REQUIRED ACTION: The response must consist of the lines below from the one with "Federa arredo blu/bianca" through the one with "Marklin 39380 - Class 38 Steam Locomotive", exactly as they appear and with both ends kept.

MATERIAL PROVIDED:

· · · · · · ·

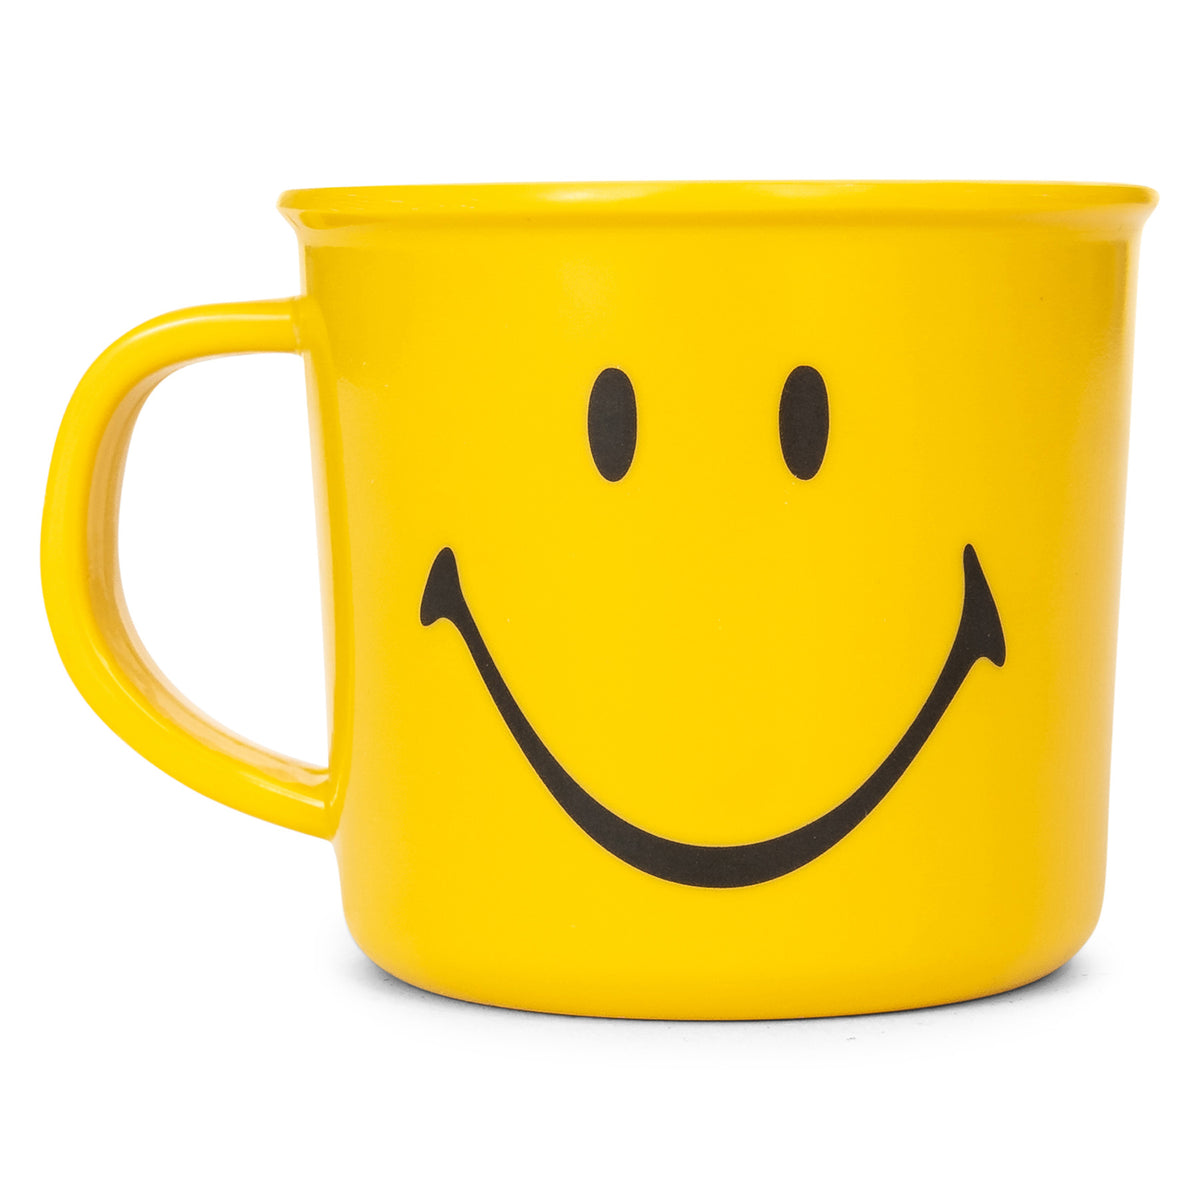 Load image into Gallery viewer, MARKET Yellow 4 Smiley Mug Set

· · · · · · ·

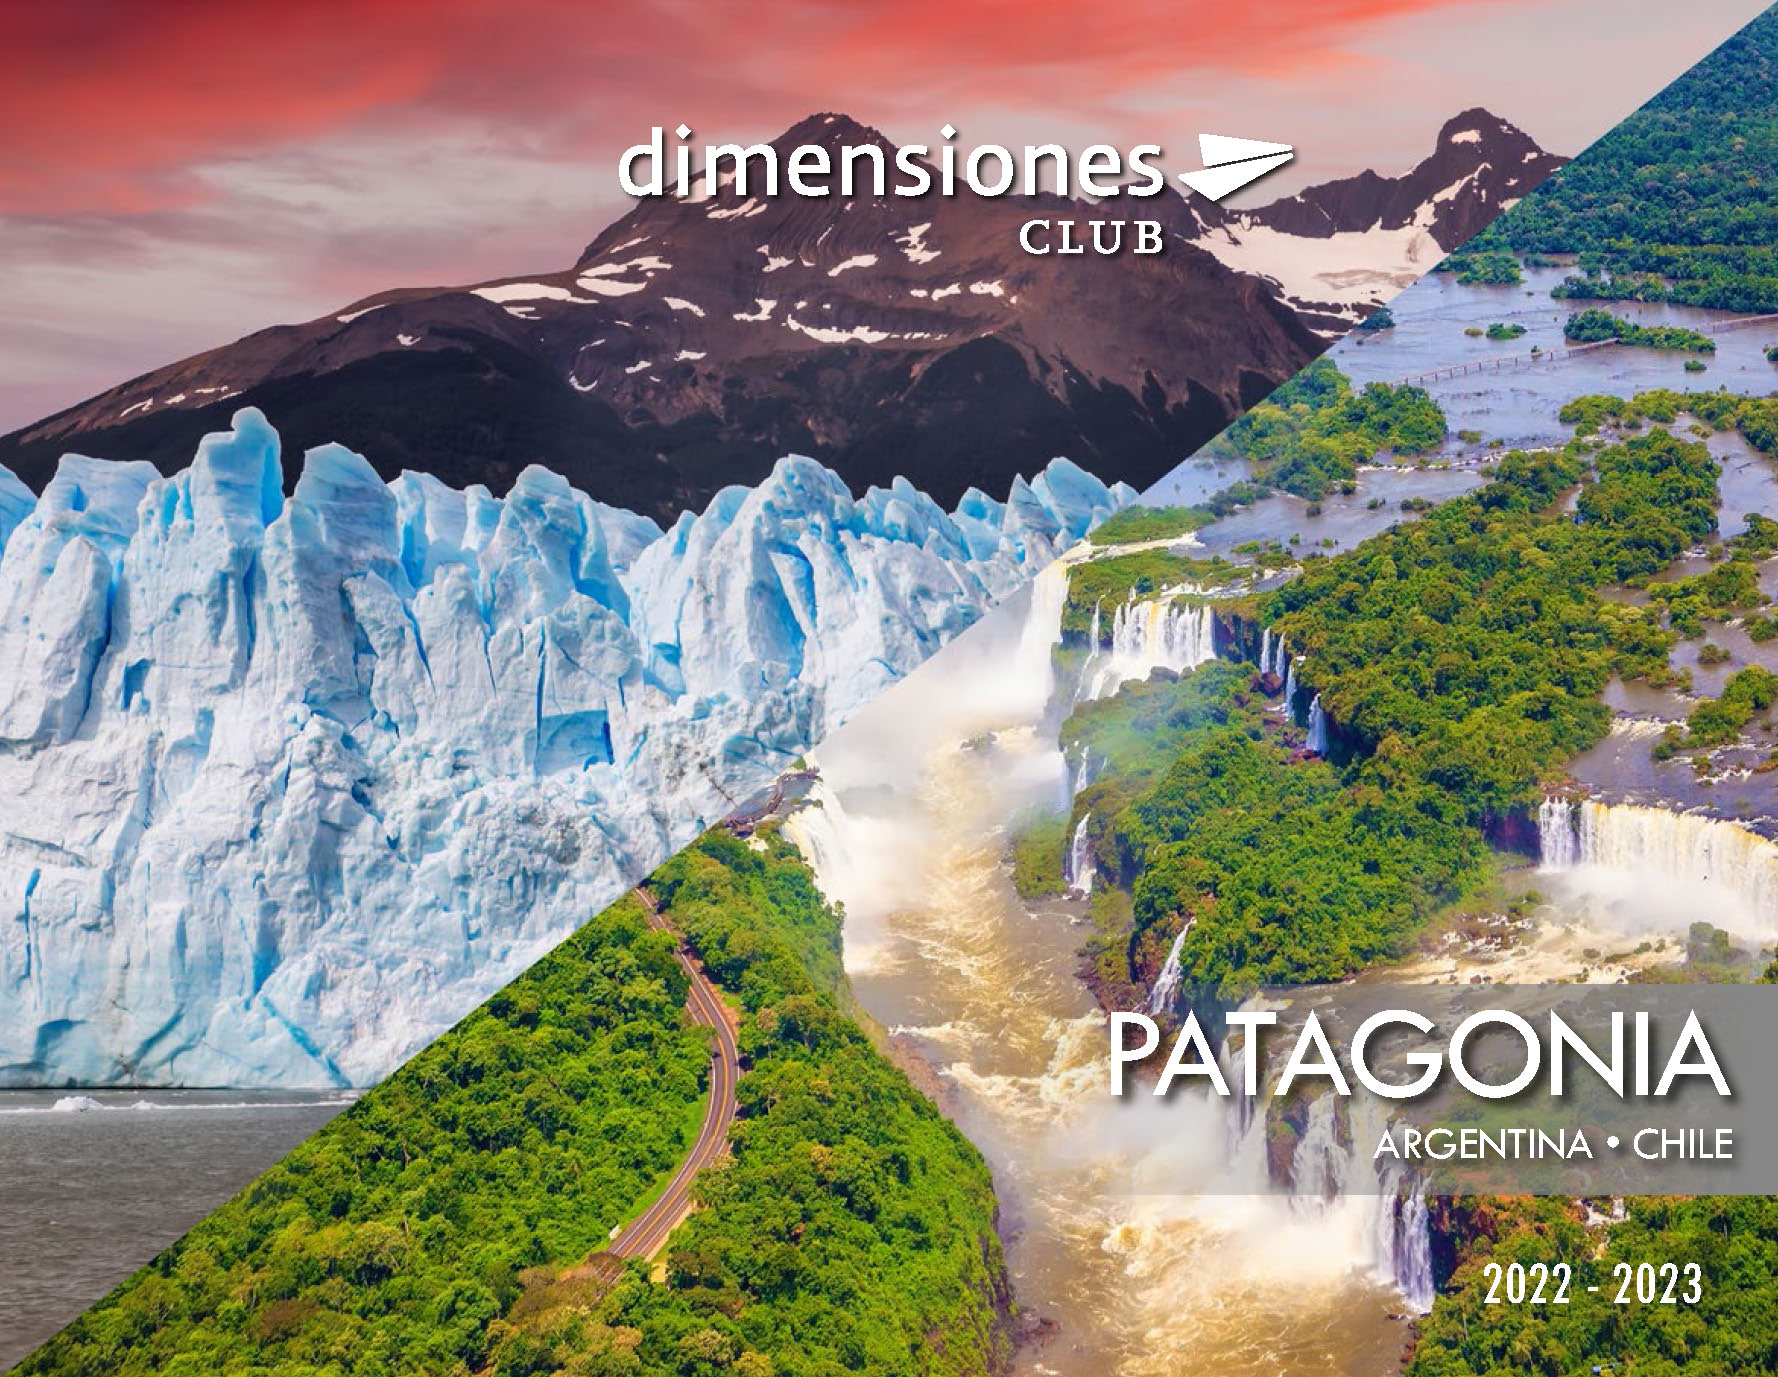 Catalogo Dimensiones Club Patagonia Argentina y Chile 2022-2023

· · · · · · ·

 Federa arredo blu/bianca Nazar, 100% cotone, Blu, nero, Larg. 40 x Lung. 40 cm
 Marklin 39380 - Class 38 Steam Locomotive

· · · · · · ·

EXERCISE ANSWER:
 Federa arredo blu/bianca Nazar, 100% cotone, Blu, nero, Larg. 40 x Lung. 40 cm
 Marklin 39380 - Class 38 Steam Locomotive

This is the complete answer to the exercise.